该发明算法模型结构精简、训练方便，运行平稳、可靠，可移植性较好，可以在多种特定场景中使用。The algorithm model of the invention has a simplified structure, convenient training, stable and reliable operation, good portability, and can be used in various specific scenarios.

最后应当说明的是:以上实施例仅用以说明本发明的技术方案而非对其限制；尽管参照较佳实施例对本发明进行了详细的说明，所属领域的普通技术人员应当理解：依然可以对本发明的具体实施方式进行修改或者对部分技术特征进行等同替换；而不脱离本发明技术方案的精神，其均应涵盖在本发明请求保护的技术方案范围当中。

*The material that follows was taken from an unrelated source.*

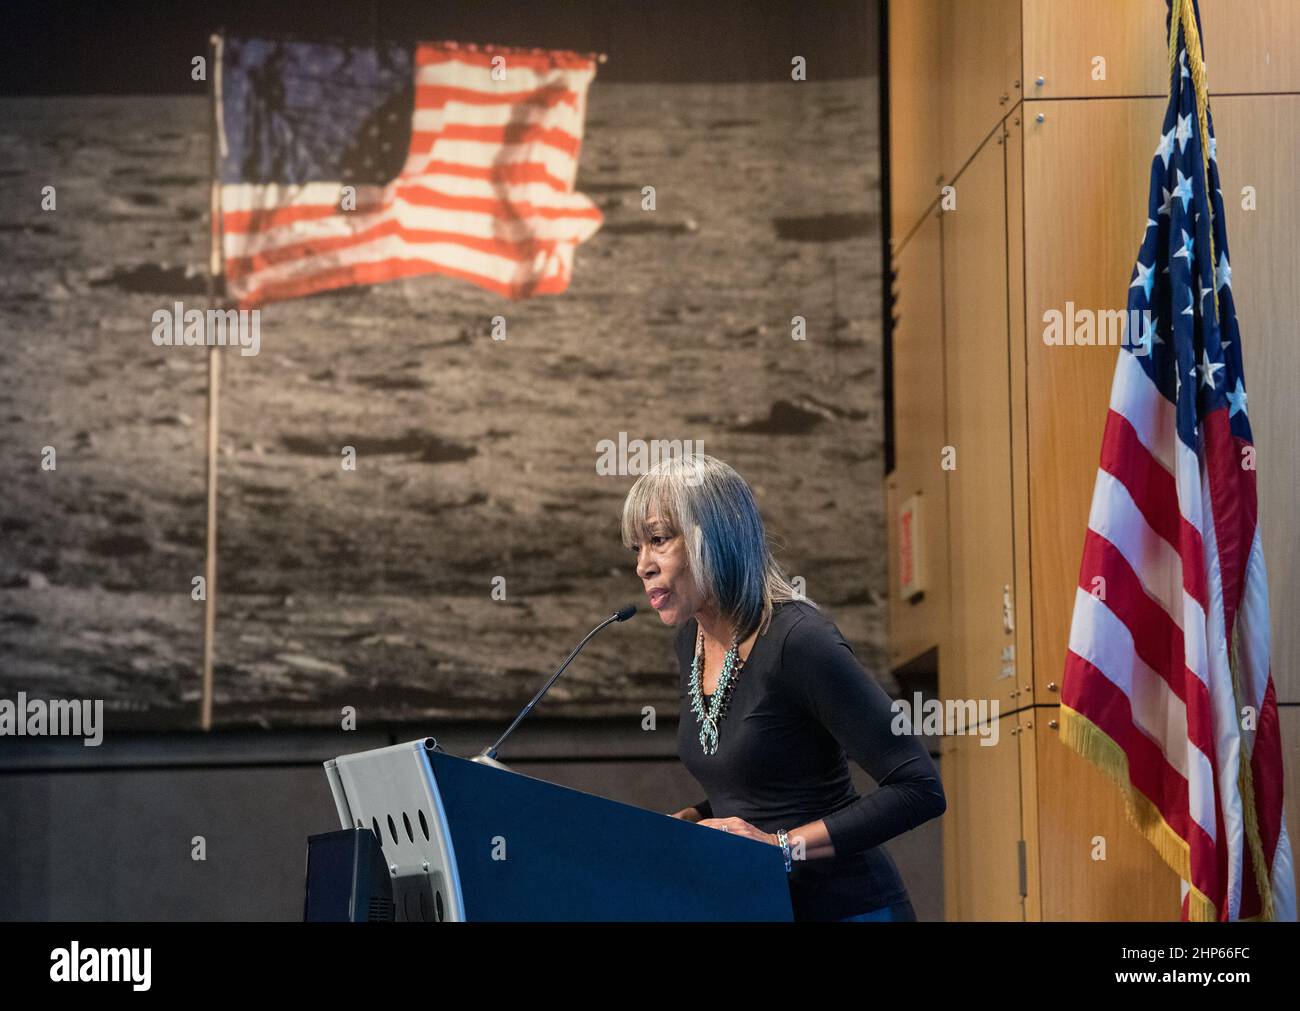 Dr. Phoebe Farris, Stamm Powhatan-Pamunkey, spricht bei einer Namenszeremonie für 2014 MU69, einen Himmelskörper, der von der Mission New Horizons und dem Weltraumteleskop Hubble entdeckt wurde, der früher den Spitznamen „Ultima Thule“ trug, am Dienstag, den 12. November 2019, im NASA-Hauptquartier in Washington. Der neue Name „Arrokoth“ bedeutet „Himmel“ und stammt aus den Algonquian-Sprachen, die von den Powhatan-Stämmen der Region Maryland gesprochen werden, in der sie entdeckt wurde. Stockfoto

Finally it should be noted that: the above embodiment is only used to illustrate the technical scheme of the present invention and not to limit it; Although the present invention has been described in detail with reference to the preferred embodiment, those of ordinary skill in the art should understand: The specific embodiment of the invention is modified or some technical features are equivalently replaced; without departing from the spirit of the technical solution of the present invention, all of them should be included in the scope of the technical solution claimed in the present invention.

Claims

1. A specific scene generation method with fusion semantic control is characterized by comprising the following steps:

the method comprises the following steps of 1, selecting a plurality of item pictures and a plurality of different specific scene pictures containing the items, wherein the item pictures are close-up pictures of the items crawled from a shopping website;

step 2, making different attribute labels according to the characteristics of a specific scene in a specific scene picture, and obtaining a training sample after cutting the specific scene picture, wherein the training sample comprises an article picture, a specific scene picture which corresponds to the article picture and contains the article and a label for describing the scene;

step 3, constructing a conditional generation type countermeasure network consisting of a discriminator and a generator;

the generative countermeasure network is a GAN model, and the generator of the generative countermeasure network is represented as

Wherein, in the step (A),

is the target scene image domain, x is the original input image, l is the target scene image domain label,

a particular scene graph described for the tag;

using a cost function of conditional GAN as a antagonistic loss of the model, wherein the cost function is

Wherein D is a discriminator and G is a generator;

step 4, inputting the article graph and the label into a generator together as input to generate a specific scene graph described by the label;

step 5, taking a specific scene graph containing the article as a target scene graph, inputting the specific scene graph, the target scene graph, the article graph and the label described by the label generated by the generator into a discriminator, and performing model training by the discriminator through a conditional countermeasure network;

step 6, inputting the similar object images to be processed and the scene to be obtained into the trained model in a label mode to obtain corresponding scene images; the tags are semantic tags in binary form.